354 Atti Parlamentari, Camera, XIV Legislatura, sessione 1880-1881, Documenti, n° 307-A, pp. 1-2. 355 Atti Parlamentari, Camera, XV Legislatura, sessione 1882-1886, Documenti, n° 306, p. 2.

costumi e contro le abitudini inveterate; occorre la clemenza del cielo, il favore dei mercati, una civiltà perfezionata; occorre diminuire il costo di produzione. Impresa immane, contro la quale si spuntano le volontà più vigorose, se non soccorra l’azione del Governo, specialmente in un paese, in cui da troppo tempo durano le illusioni sulla ricchezza naturale del suolo, attraversato da catene di monti ormai denudati di boschi, e coperto di paludi per oltre 664.000 ettari, dei quali 223.527 in corso di bonificazione, 440.964 da bonificare»356.

Gli esiti legislativi non seguirono che parzialmente queste indicazioni. La nuova legge sui consorzi d’irrigazione, n° 3732 del 28 febbraio 1886, autorizzava il Ministero dell’Agricoltura a concedere sussidi per opere di irrigazione, compresi i serbatoi, a consorzi, province, comuni e privati, ma ebbe qualche applicazione di una certa importanza solo nel Settentrione, perché continuava a seguire la logica del supporto alle iniziative private.

Contemporaneamente la legge Baccarini subì delle modifiche sostanziali apportate dal nuovo Ministro dei Lavori Pubblici Francesco Genala, con la promulgazione della legge 4 luglio 1886, rafforzata successivamente dalla legge 6 agosto 1893. La prima formulazione aveva dimostrato una sopravvalutazione delle capacità finanziarie e tecniche dello Stato, cui spettava l’iniziativa e l’esecuzione delle bonifiche di prima categoria, ma l’esperienza fallimentare dei primi quattro anni di applicazione in cui alle enunciazioni programmatiche non era seguita nessuna autorizzazione di spesa, suggerì che bisognava cambiare indirizzo. La legge del 1886 dava invece allo Stato la facoltà di concedere ai Consorzi, ma anche a società private e ad imprenditori, l’esecuzione delle bonifiche di prima categoria, con il pagamento in annualità della quota ad esso spettante, eliminando anche l’obbligo di rimborsare la plusvalenza. La legge del 1893 prevedeva invece non più la facoltà ma l’obbligo per lo Stato di concedere le bonifiche a Consorzi dichiarati obbligatori, agevolati da alcune disposizioni finanziarie e creditizie.

Queste modifiche significarono la rinuncia all’intervento diretto dello Stato e quindi l’abbandono di qualunque iniziativa nel Mezzogiorno, laddove cioè i Consorzi non avevano una tradizione e l’iniziativa privata andava incontro a numerosi ostacoli. Se infatti dal 1886 al 1898 si costituirono numerosi enti di bonifica nell’Italia

settentrionale, una sola domanda di concessione provenne dalle province meridionali (dal comune di Vittoria in provincia di Siracusa)357.
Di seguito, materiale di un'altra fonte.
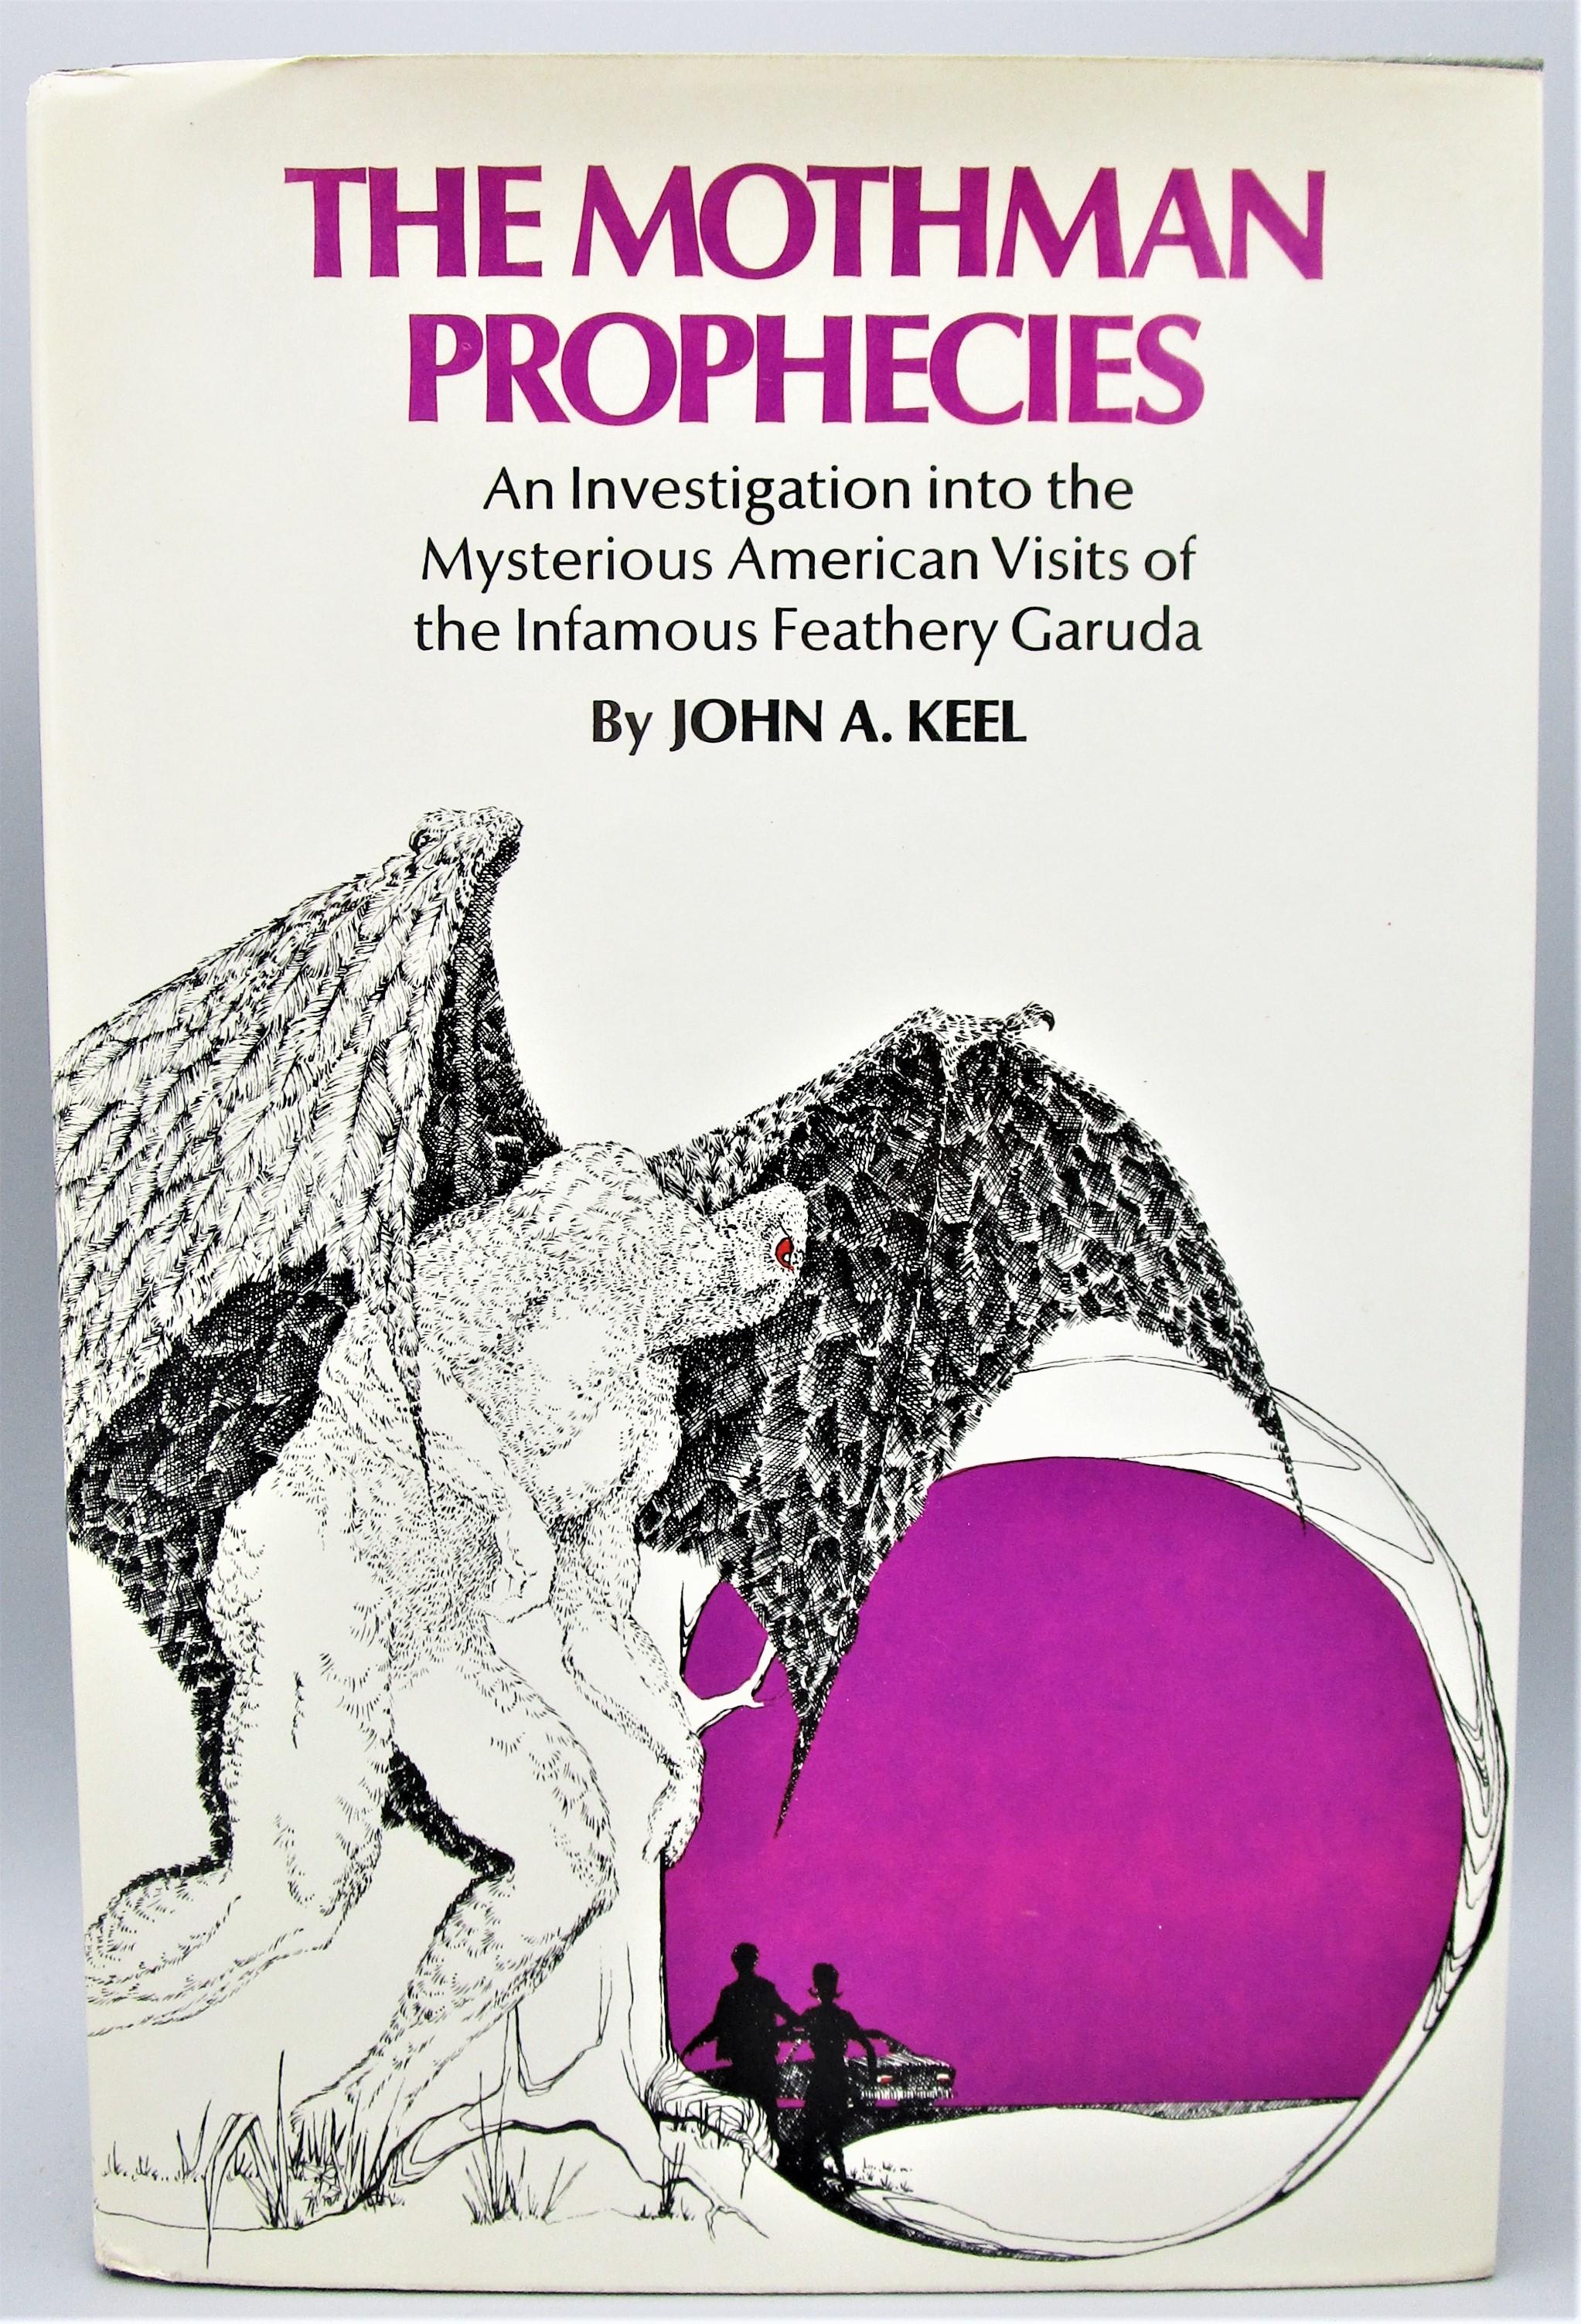 THE MOTHMAN PROPHECIES, by John A. Keel - 1975 [Review Copy] *ephemera*

L’accentramento decisionale che caratterizzava il nuovo Stato fece dimenticare i preziosi contributi apportati, come abbiamo visto, in epoca preunitaria da tecnici e governanti che conoscevano bene i caratteri ambientali del Meridione e che già avevano formulato progetti di intervento globale, sicuramente complessi da eseguire, ma che si proponevano di essere risolutivi.

Scriverà diversi decenni dopo Angelo Omodeo in un intervento in cui illustra le ragioni del fallimento delle bonifiche nel Meridione:

«La conformazione topografica dell’Italia Meridionale e Insulare, è tale che, salvo eccezioni, ogni bacino fluviale, compreso fra il crinale montano ed il mare, è così ristretto e raccolto da costituire un organismo idrologico non scindibile, i cui problemi, anche più disparati, si sovrappongono, e non possono ignorarsi a vicenda. Quindi, un’unica direttiva organica, deve presiedere alla sistemazione montana, al rimboschimento, ai laghi artificiali, alla produzione di energia, alle arginature, all’irrigazione, alla bonifica, compiti e funzioni di enti diversi, ma coordinati in un solo sistema. Ogni fiume di Italia Meridionale e Insulare deve avere in suo piano regolatore. La bonifica ne è soltanto una parte»358.

Il secolo si chiude con la legge Pavoncelli del 1899, che prevede sia l’intervento statale che quello privato, che sarà alla base del Testo Unico sulle bonifiche del 1900, importante perché segnerà una svolta fondamentale del concetto di bonifica: non più solo opere di prosciugamento ma anche opere stradali, opere idrauliche in piano e in montagna, rimboschimenti e rinsodamenti. Anche la sua applicazione non offrirà peraltro i risultati sperati.